## WHAT IS BEING ASKED
Every line of the data should be written out exactly, with the pictures left out.

## GIVEN DATA
━━━━━━━━

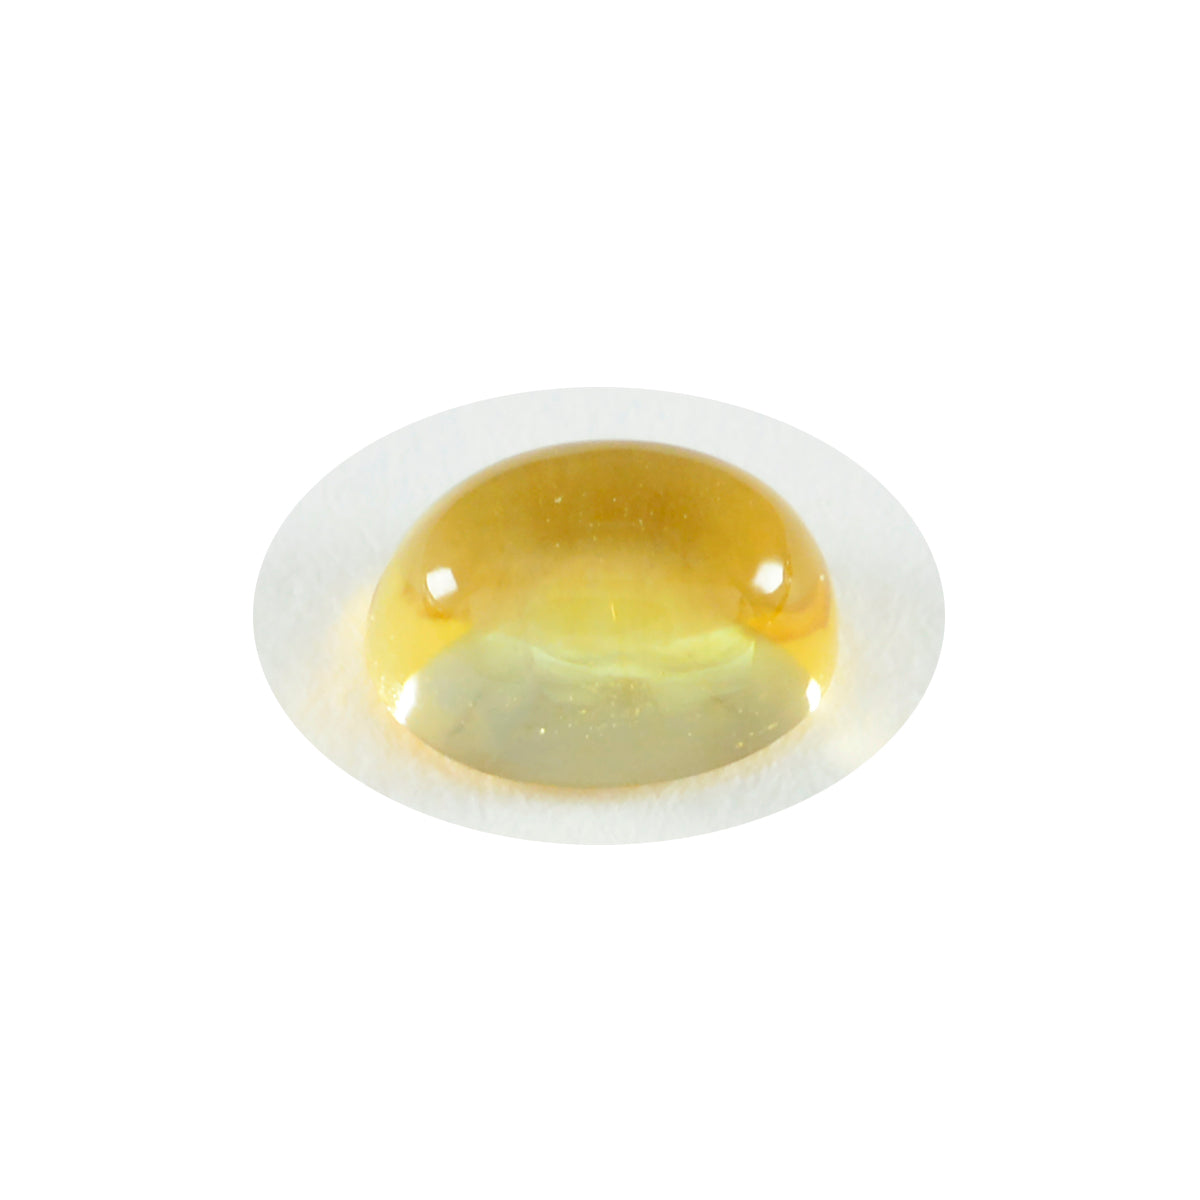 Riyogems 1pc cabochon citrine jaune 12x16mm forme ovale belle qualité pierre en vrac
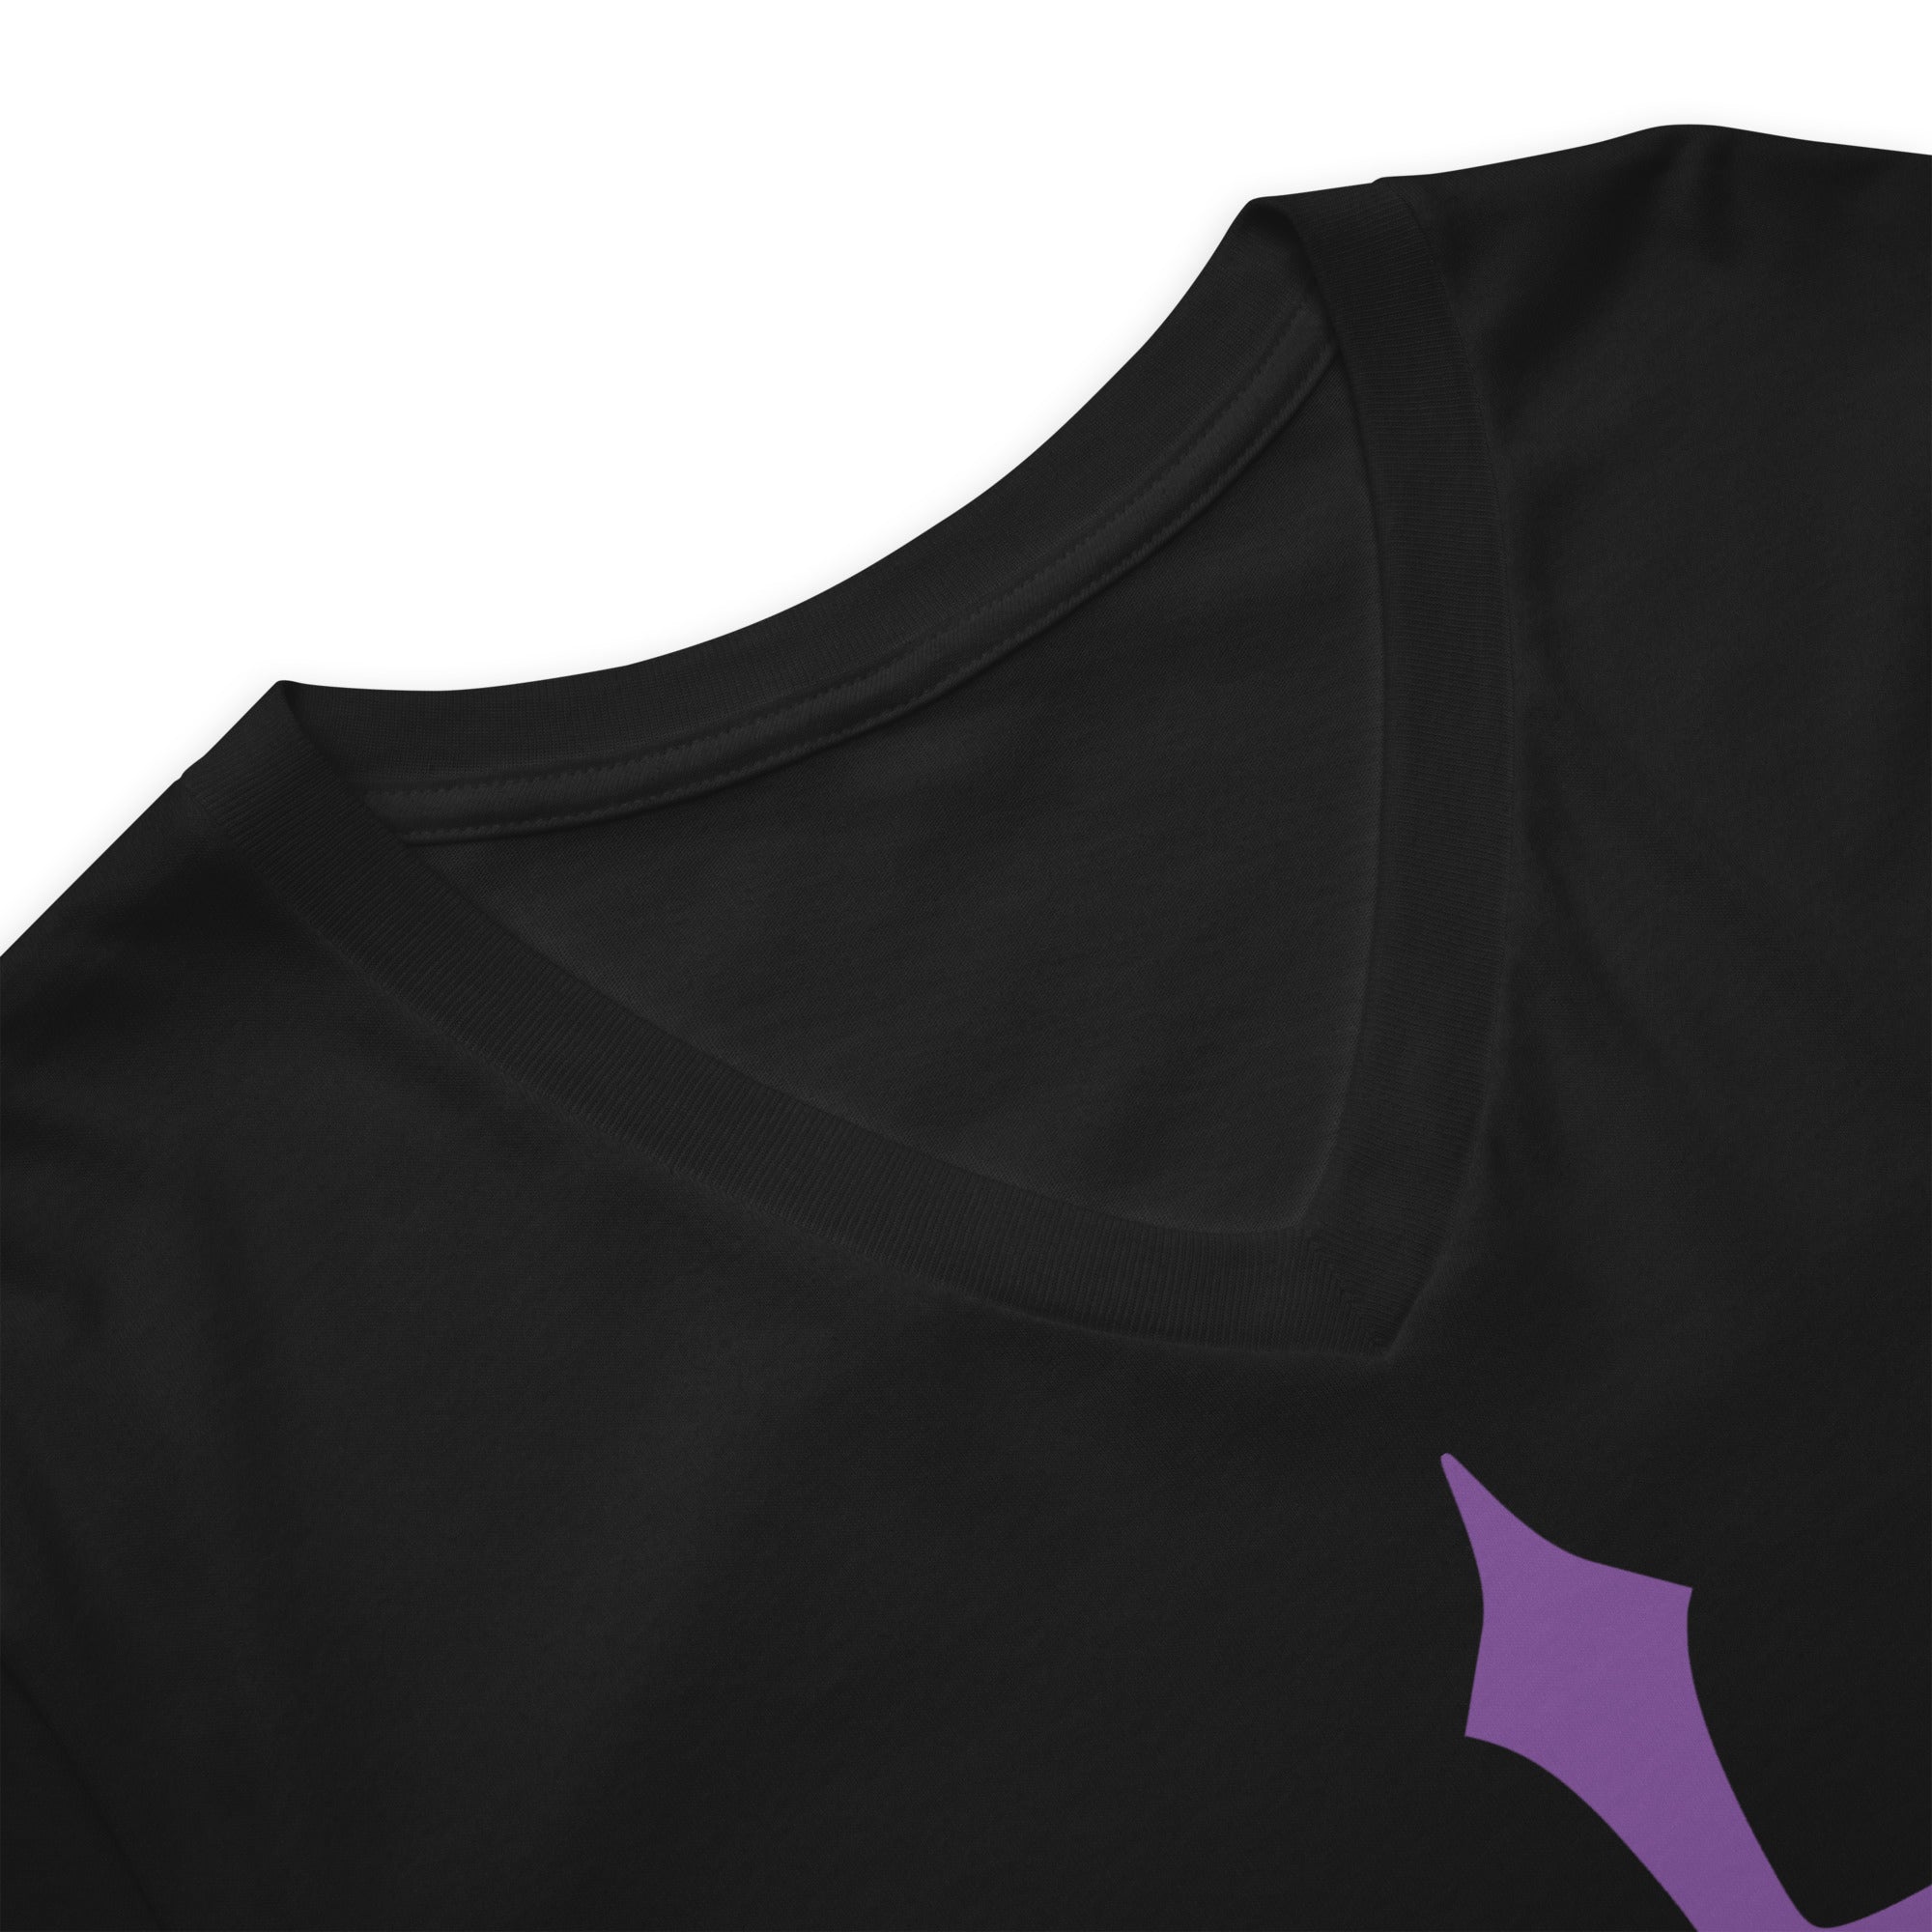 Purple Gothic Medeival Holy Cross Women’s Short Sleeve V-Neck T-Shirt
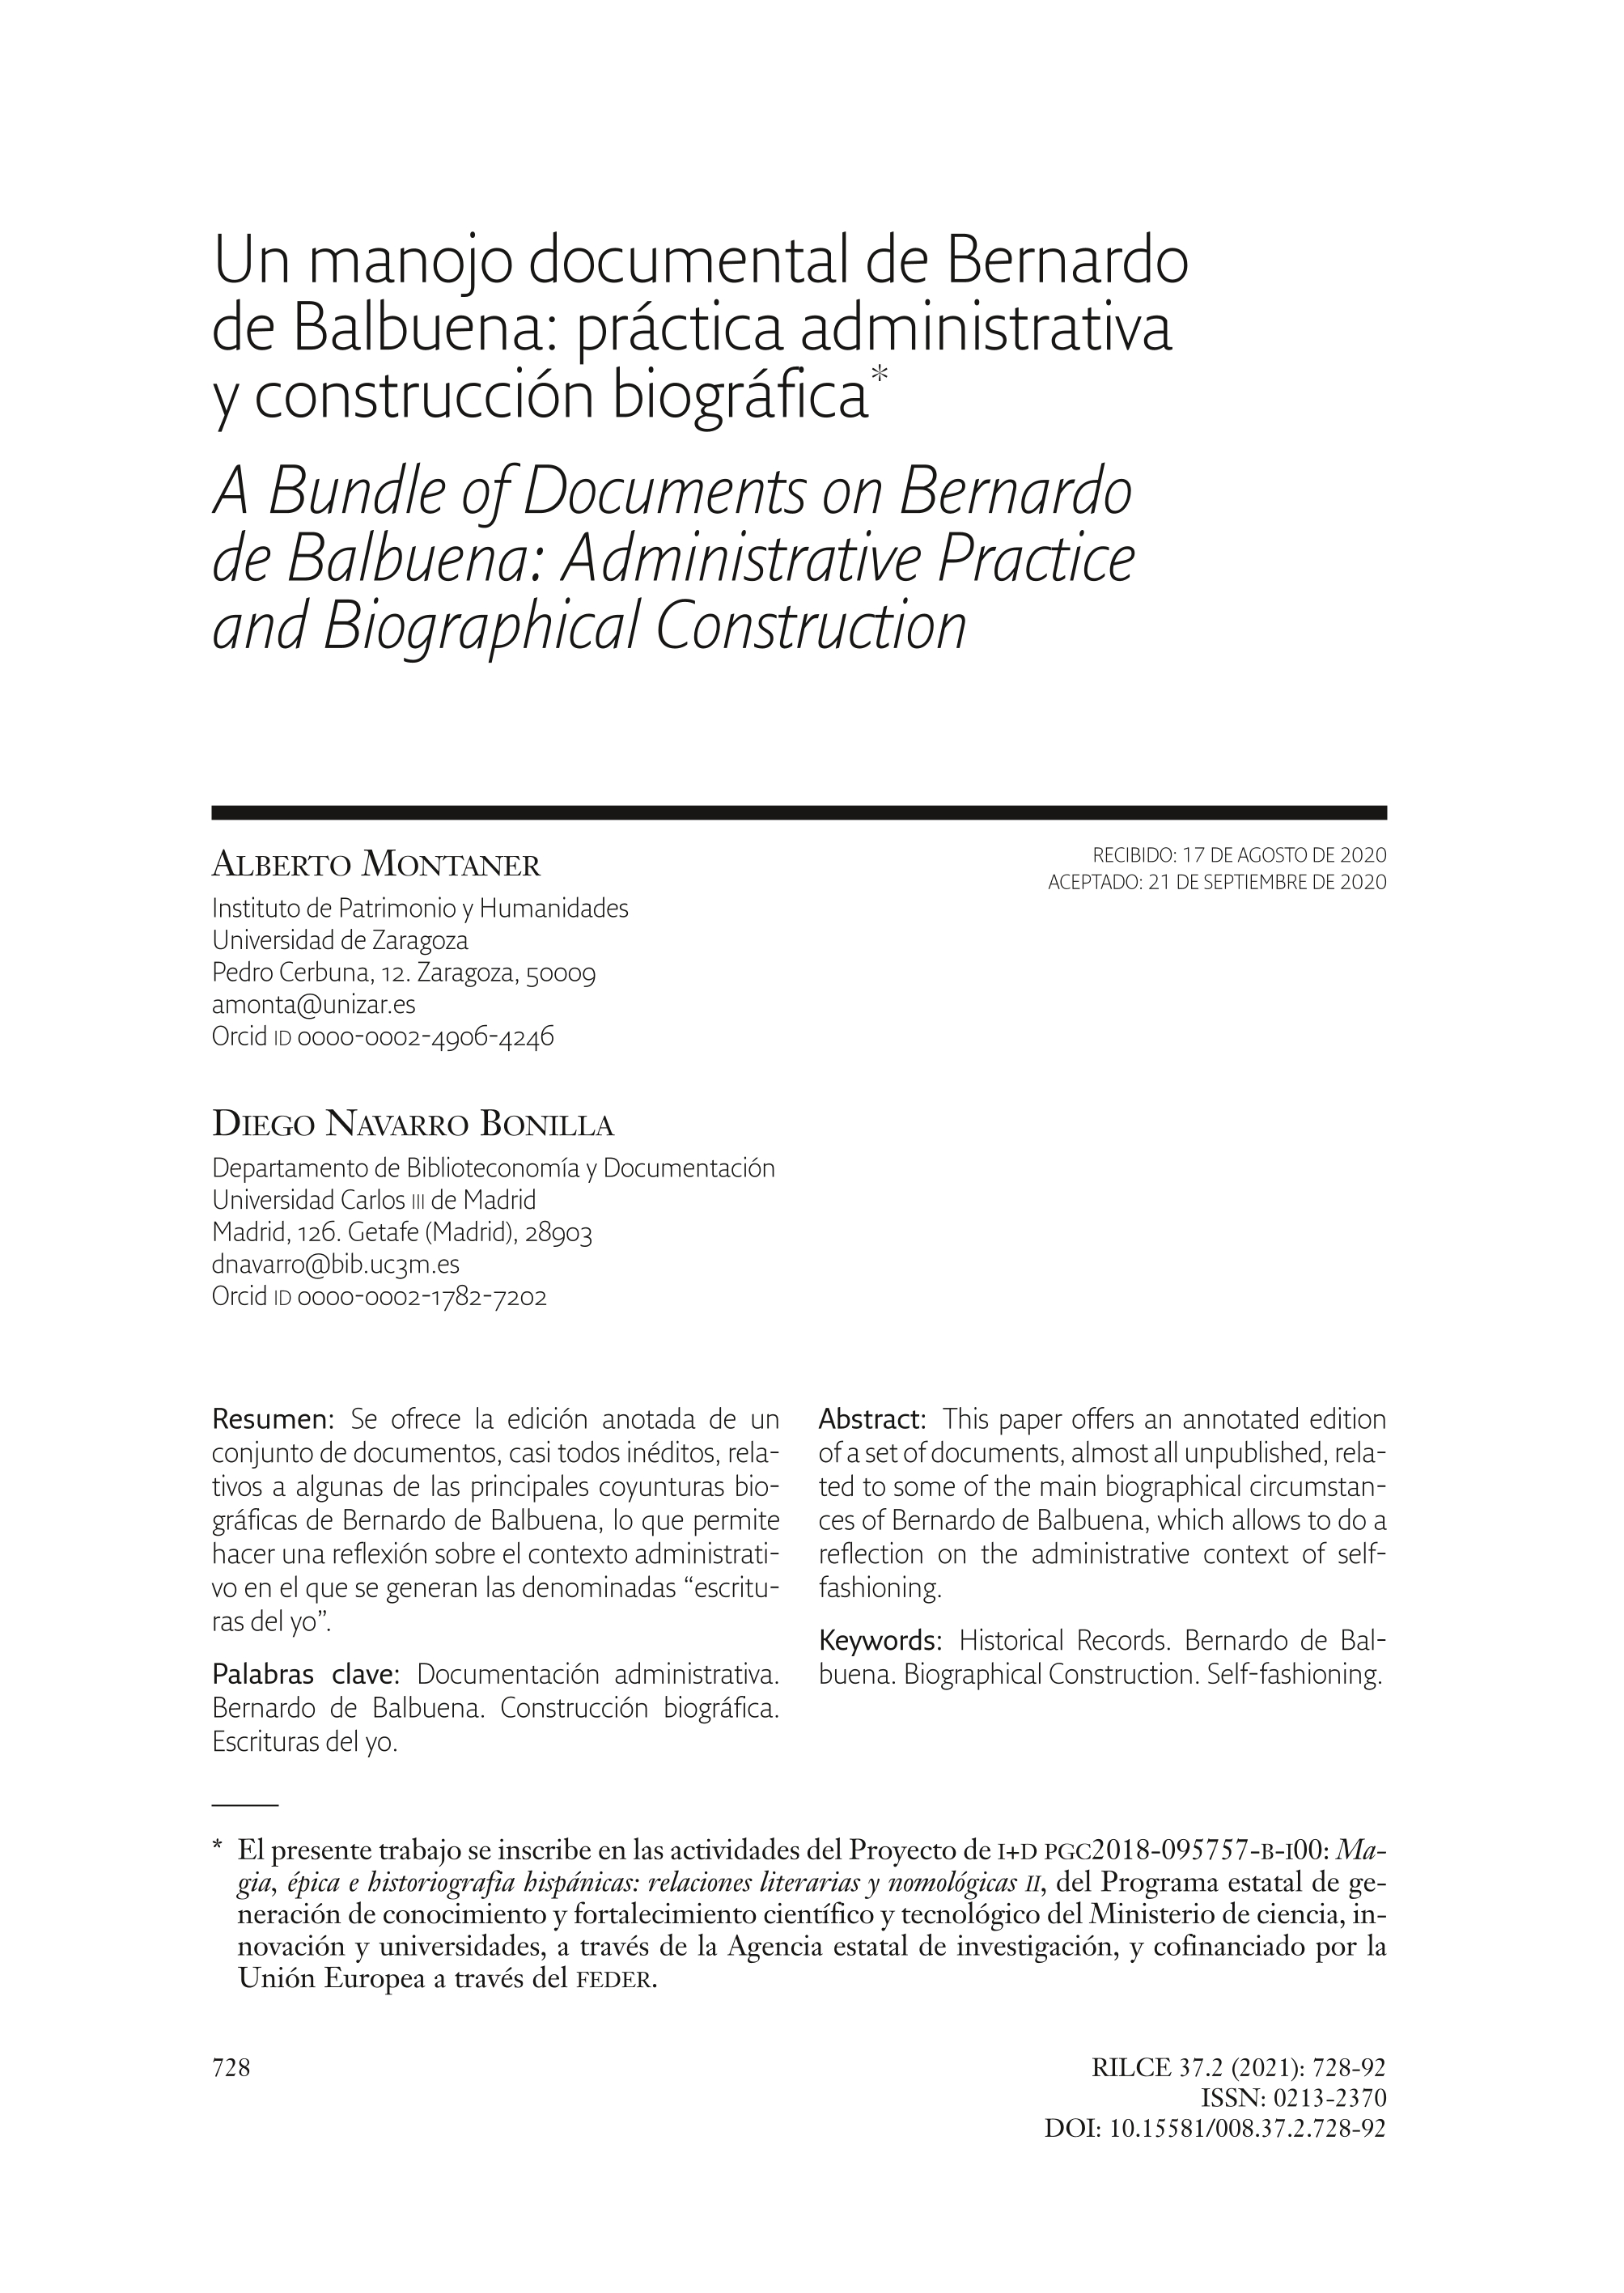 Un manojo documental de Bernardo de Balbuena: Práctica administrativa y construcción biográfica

━━━━━━━━

## EXERCISE ANSWER
 Riyogems 1pc cabochon citrine jaune 12x16mm forme ovale belle qualité pierre en vrac
 Purple Gothic Medeival Holy Cross Women’s Short Sleeve V-Neck T-Shirt
 Un manojo documental de Bernardo de Balbuena: Práctica administrativa y construcción biográfica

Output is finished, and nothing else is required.